-- Dataset excerpt follows --
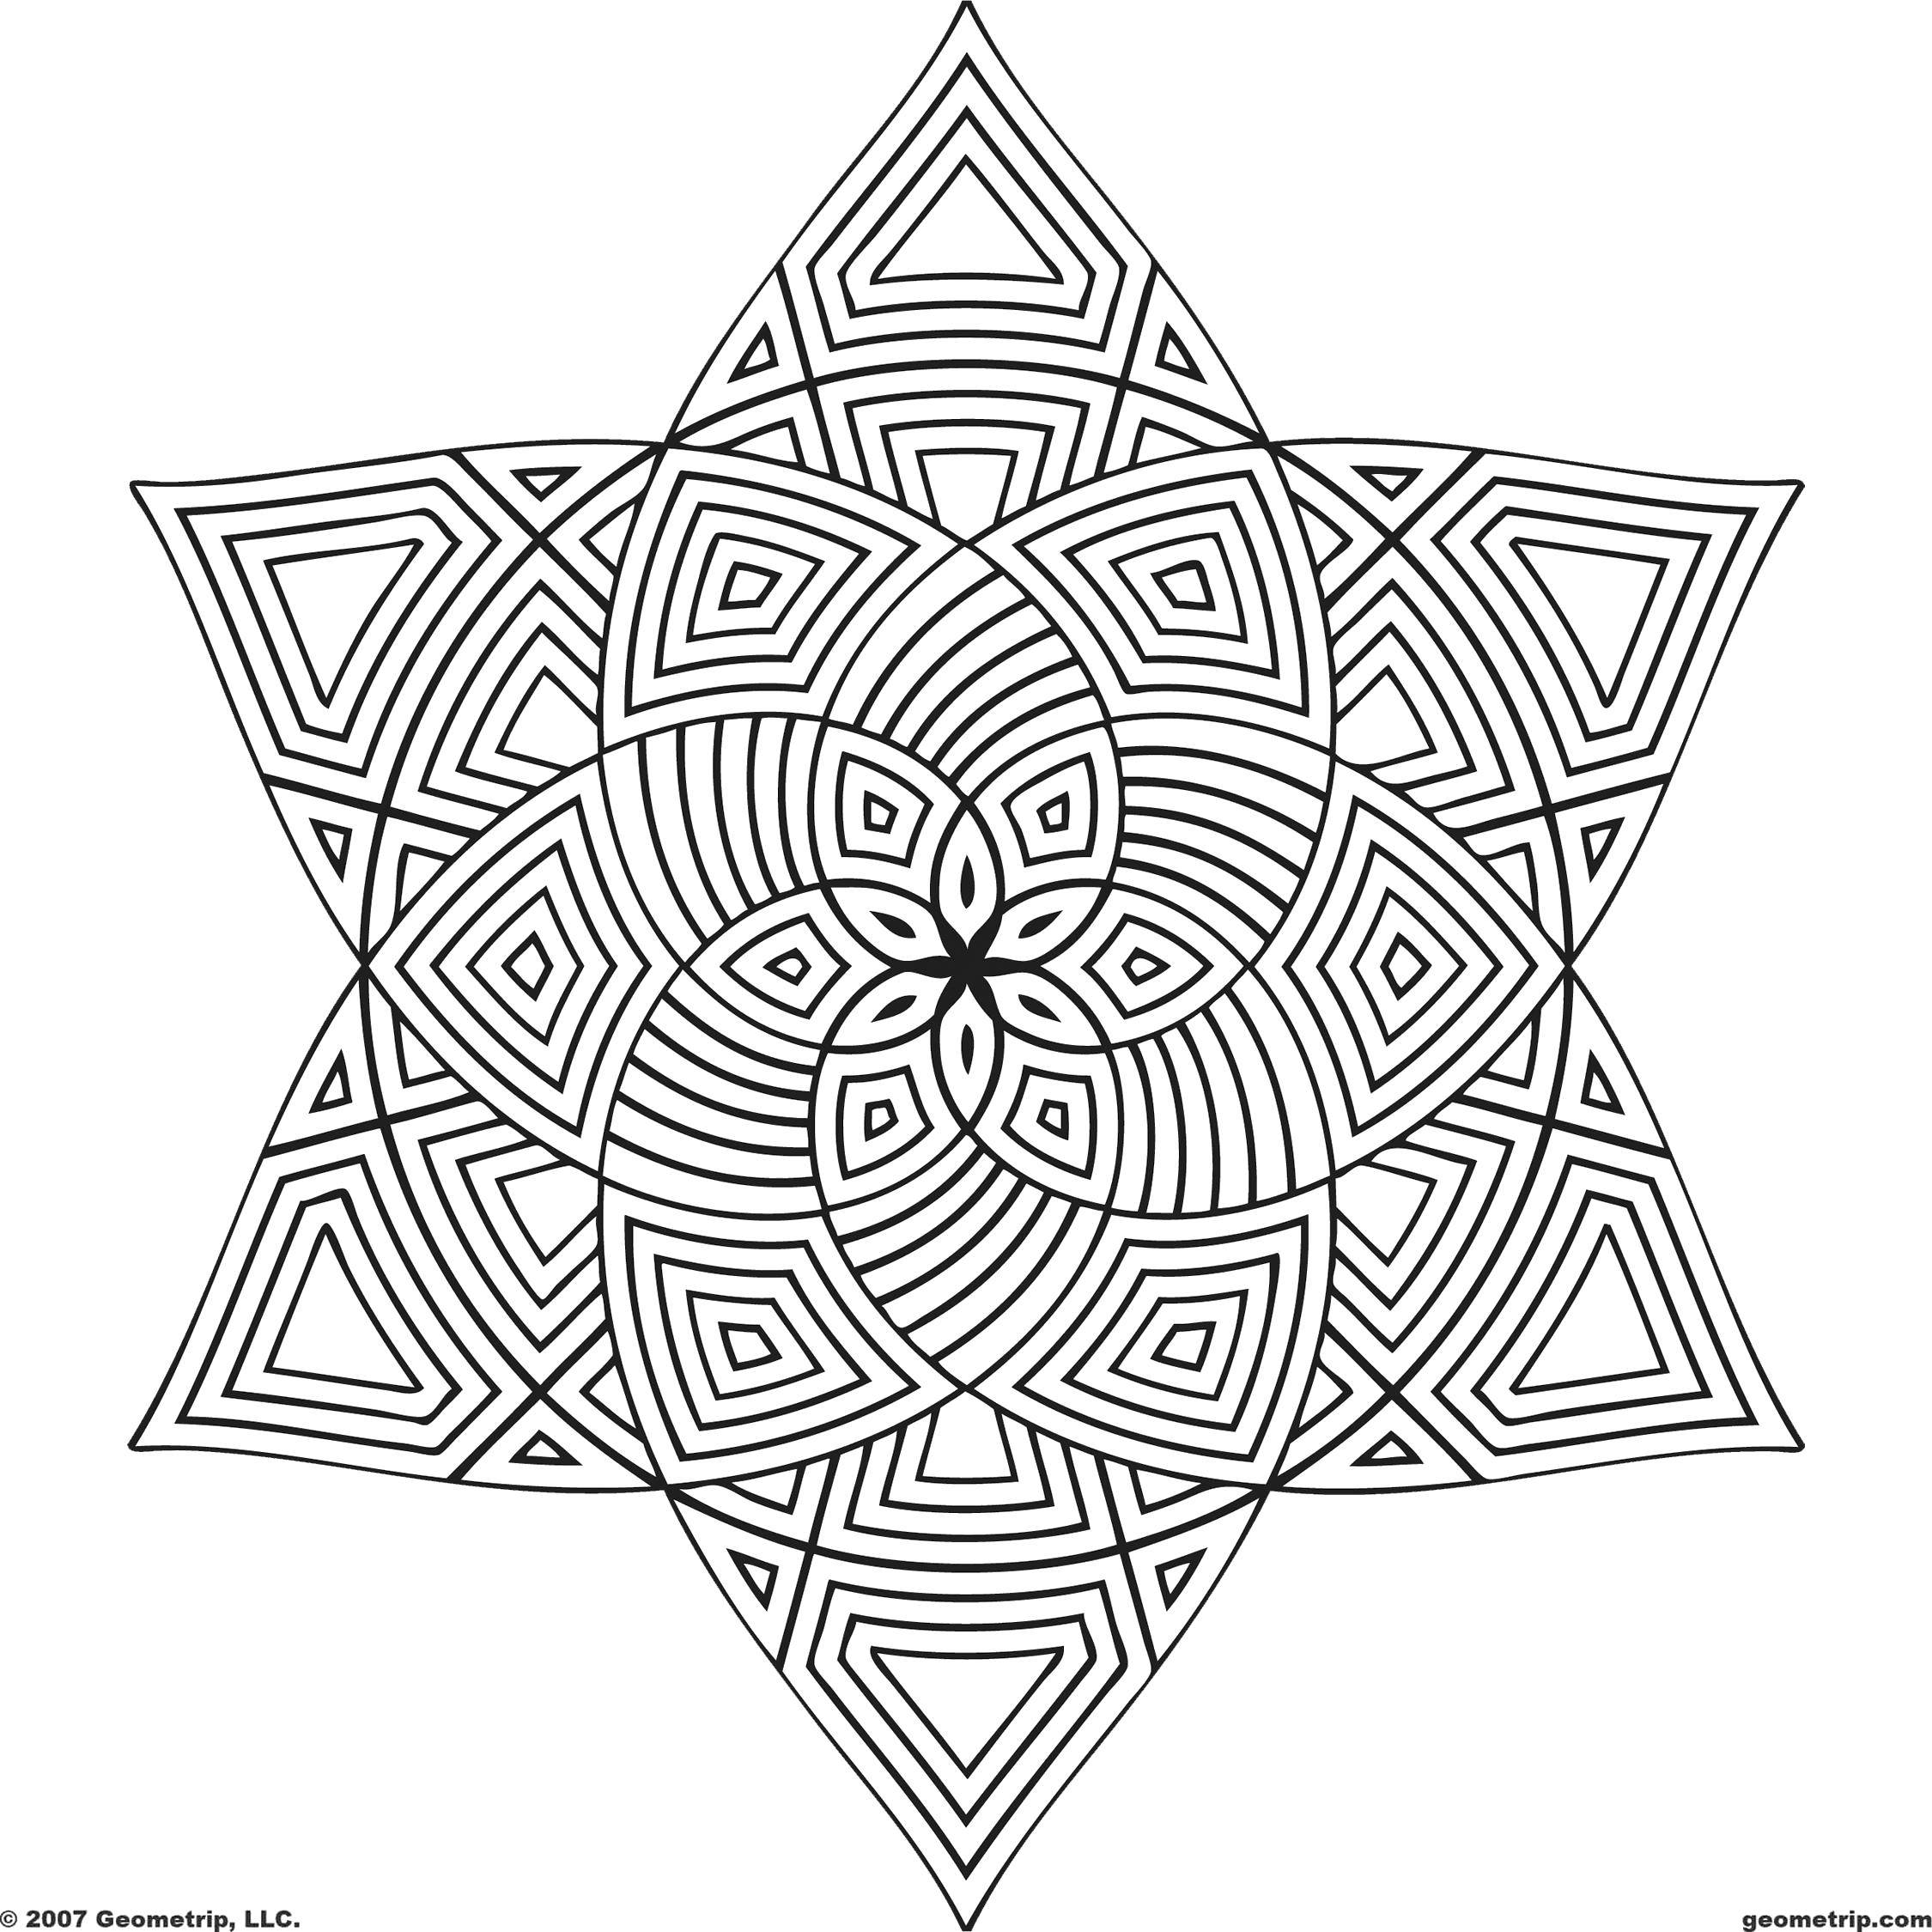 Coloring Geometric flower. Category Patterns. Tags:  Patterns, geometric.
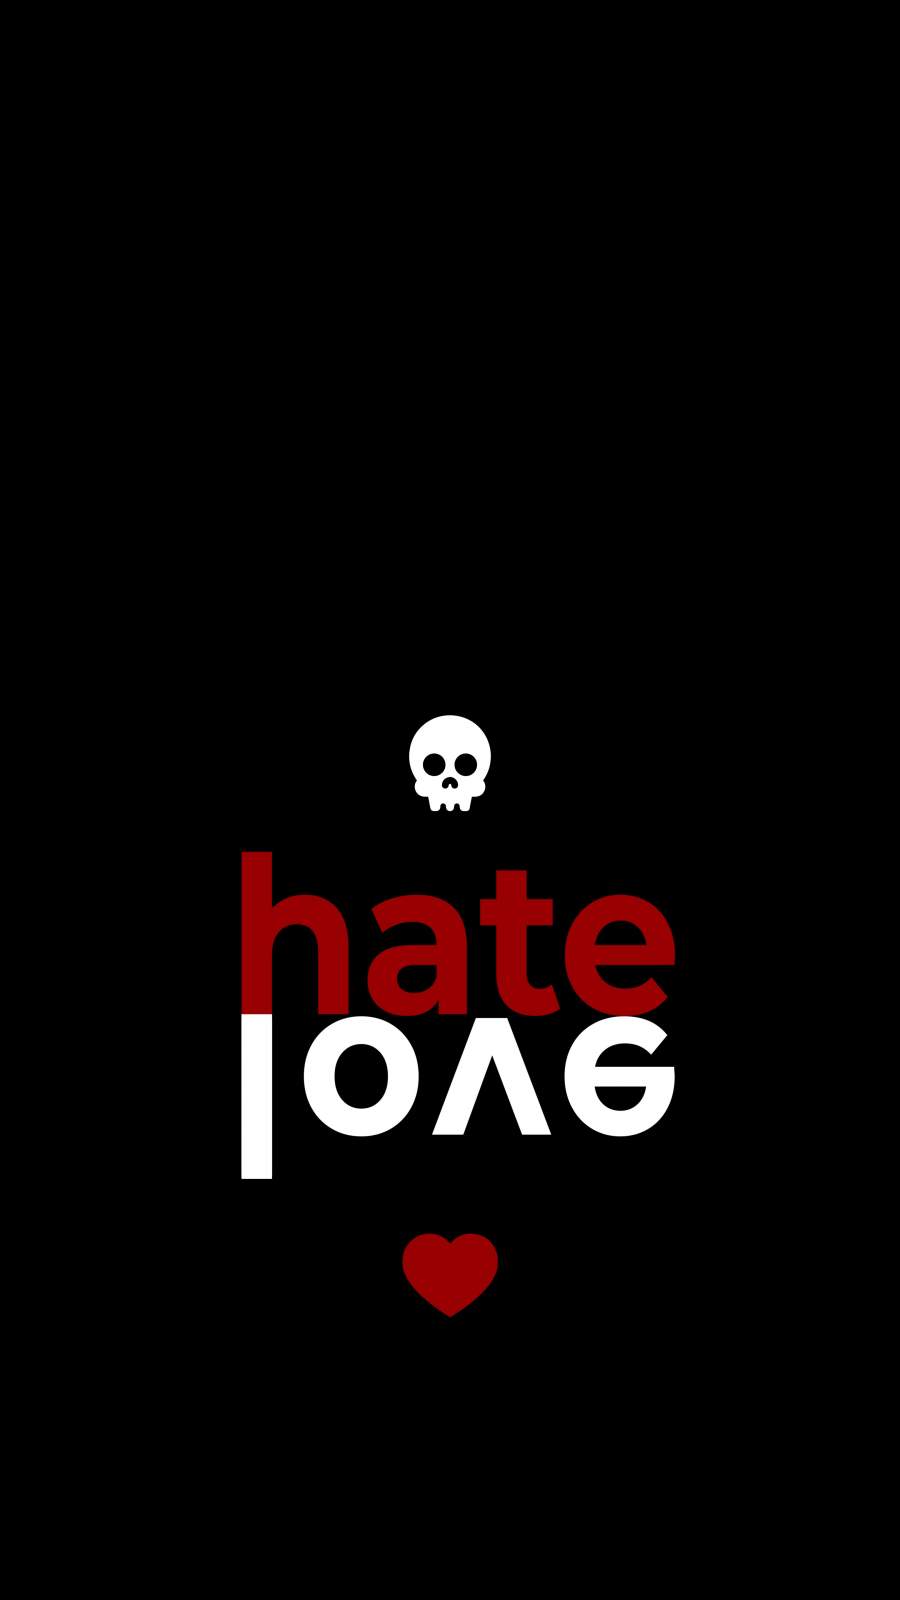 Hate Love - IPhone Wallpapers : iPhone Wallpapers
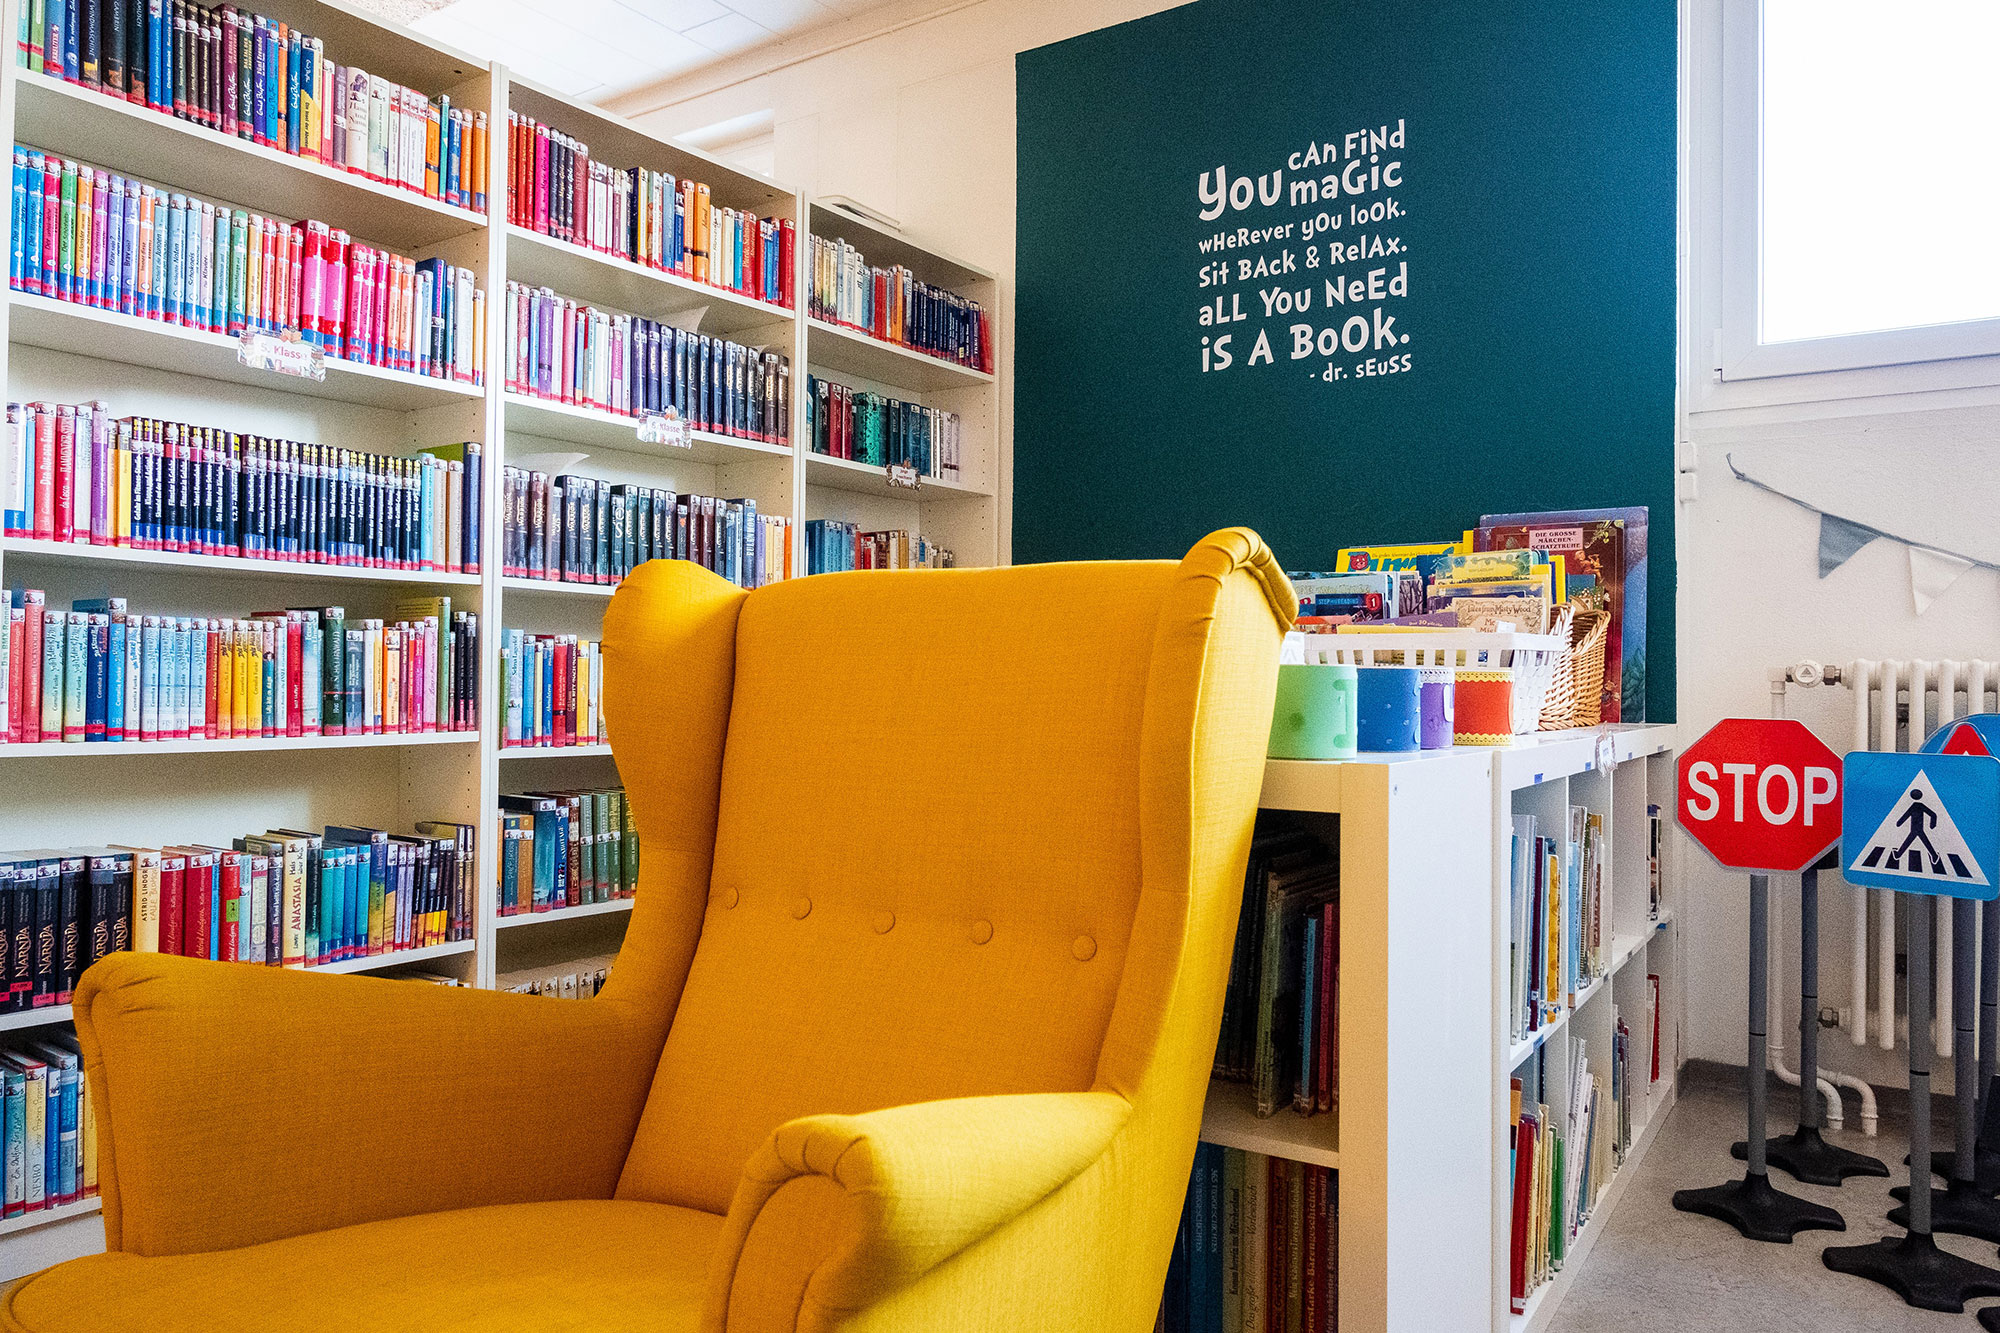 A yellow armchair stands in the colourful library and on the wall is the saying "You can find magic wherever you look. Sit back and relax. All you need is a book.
-- Dataset excerpt concluded --
Assigned task » From the first line to the last, write out the data exactly, dropping any pictures.

Answer to this problem »
 Coloring Geometric flower. Category Patterns. Tags:  Patterns, geometric.
 Hate Love - IPhone Wallpapers : iPhone Wallpapers
 A yellow armchair stands in the colourful library and on the wall is the saying "You can find magic wherever you look. Sit back and relax. All you need is a book.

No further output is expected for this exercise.